For his artistic education Littleton attended the University of Michigan where he studied physics for three semesters. The artist quit school and attended the Cranbrook Academy of Art located in Blooming Hills, Michigan. The artist would eventually study industrial design. Whilst a student he was able to learn from two master sculptors Marshall Fredericks and Carl Milles.

Littleton went on to earn a bachelors degree from Michigan and a masters degree of fine art from the Crannbrook Academy. His career started as a ceramist working with simple forms including vases and basic cylinders.

Littleton was key in bringing glass ware from an industrial setting to a more studio setting where studio artists could easily work with his favorite material, glass. The artist gave the first studio glass blowing seminar in 1962 at the Toledo Museum of Art.

The artist served in the Army for three years.

A short clip and brief biography about Harvey Littleton:

In this video we visit Littleton at his workshop:

A student of Littleton that went on to have tremendous respect in the field is the master glass artist Dale Chihuly already profiled here.

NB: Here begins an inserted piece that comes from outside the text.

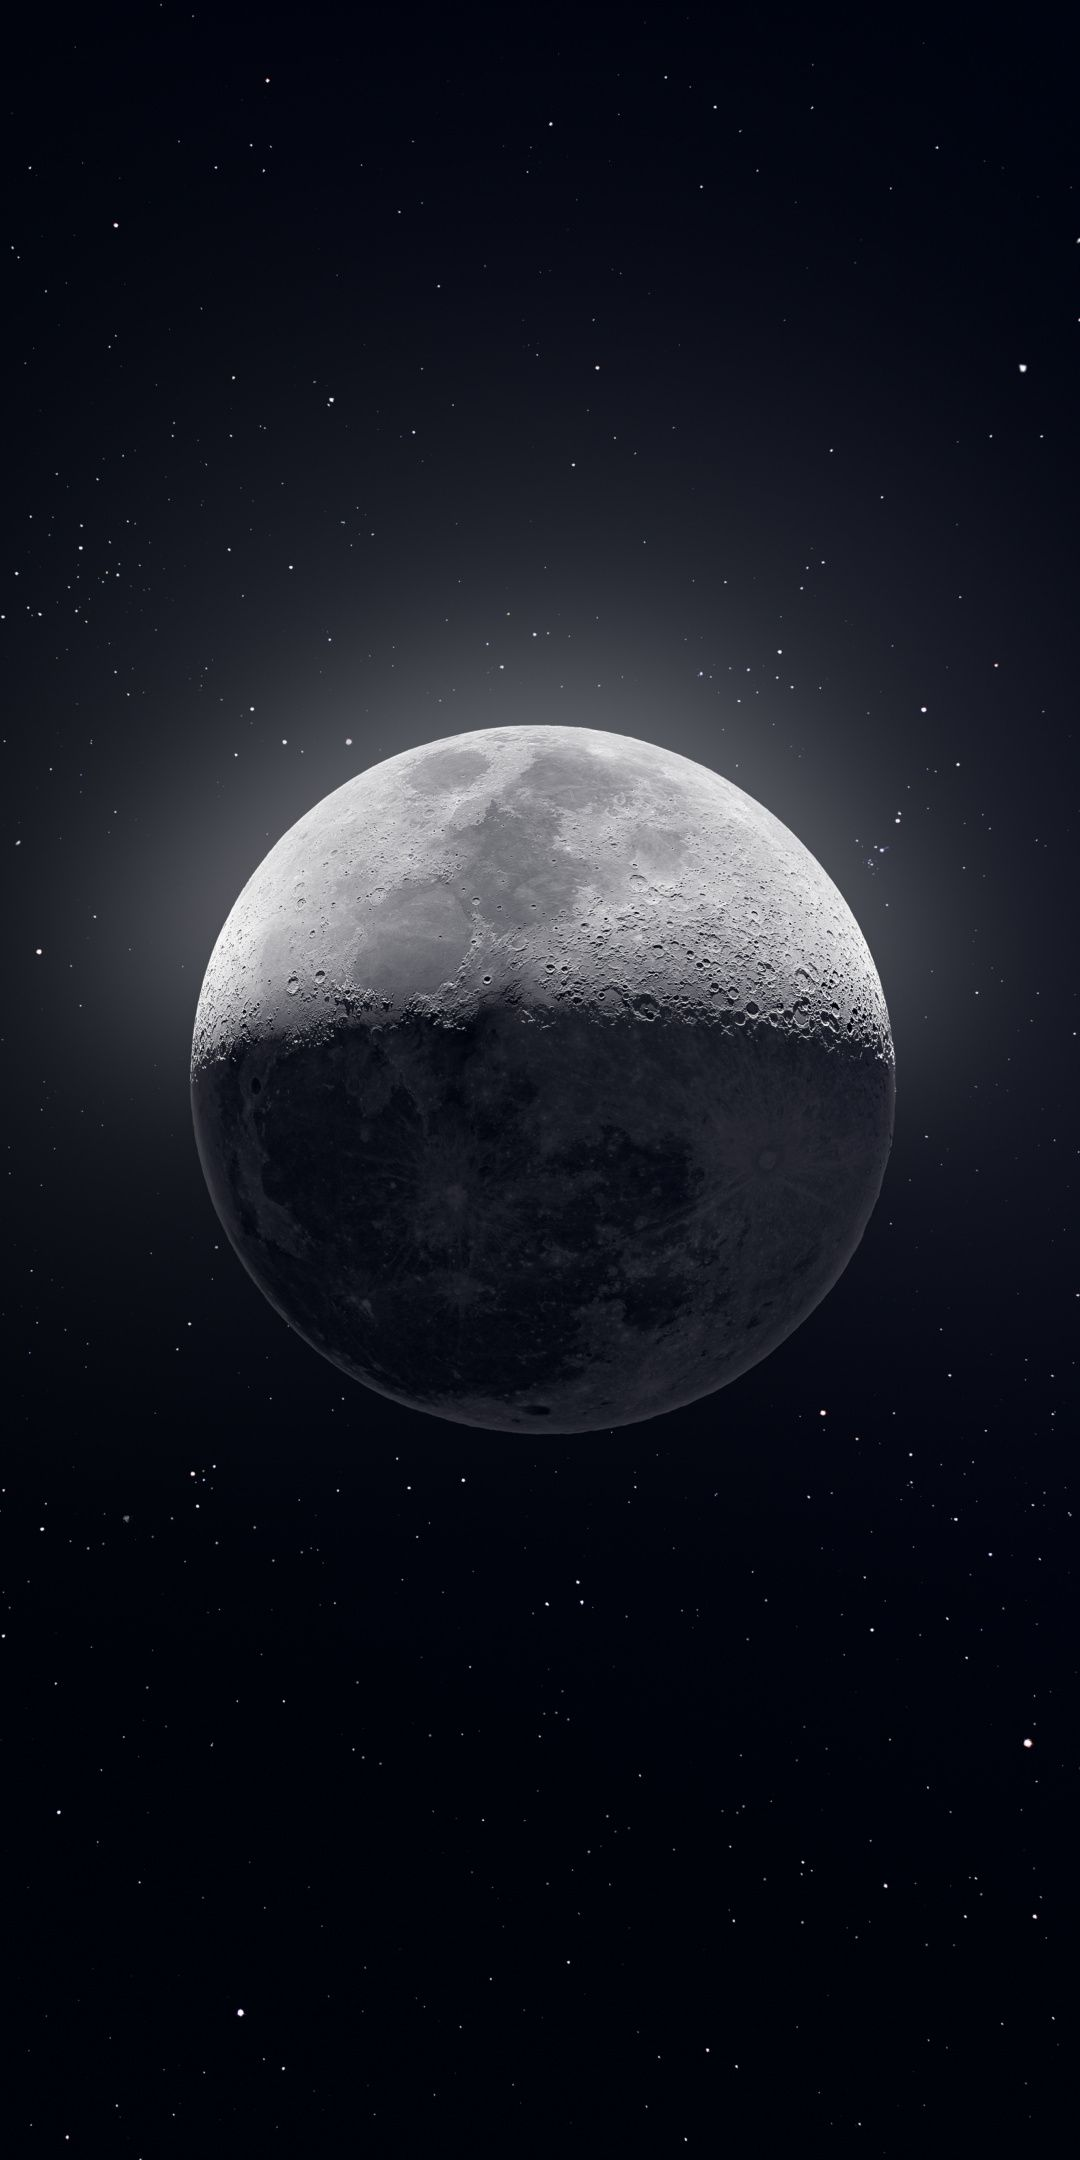 510+Moon, space, art, 21x21 wallpaper   Wallpaper earth, Iphone ...

Littleton retired from teaching in 1976 to concentrate on his own art.

Harvey Kline Littleton passed away in 2013 at the age of 91 years old.

What wonderful contributions this artist made to the world of glass. Its also interesting to see how a great scientist (his father) was a key element in his appreciation of glass. Where his dad saw industry, the son saw art!


Price range information: Sorry none available.

Harvey Littleton is part of many public collections including the Metropolitan Museum of Art and the Museum of Art located in New York City.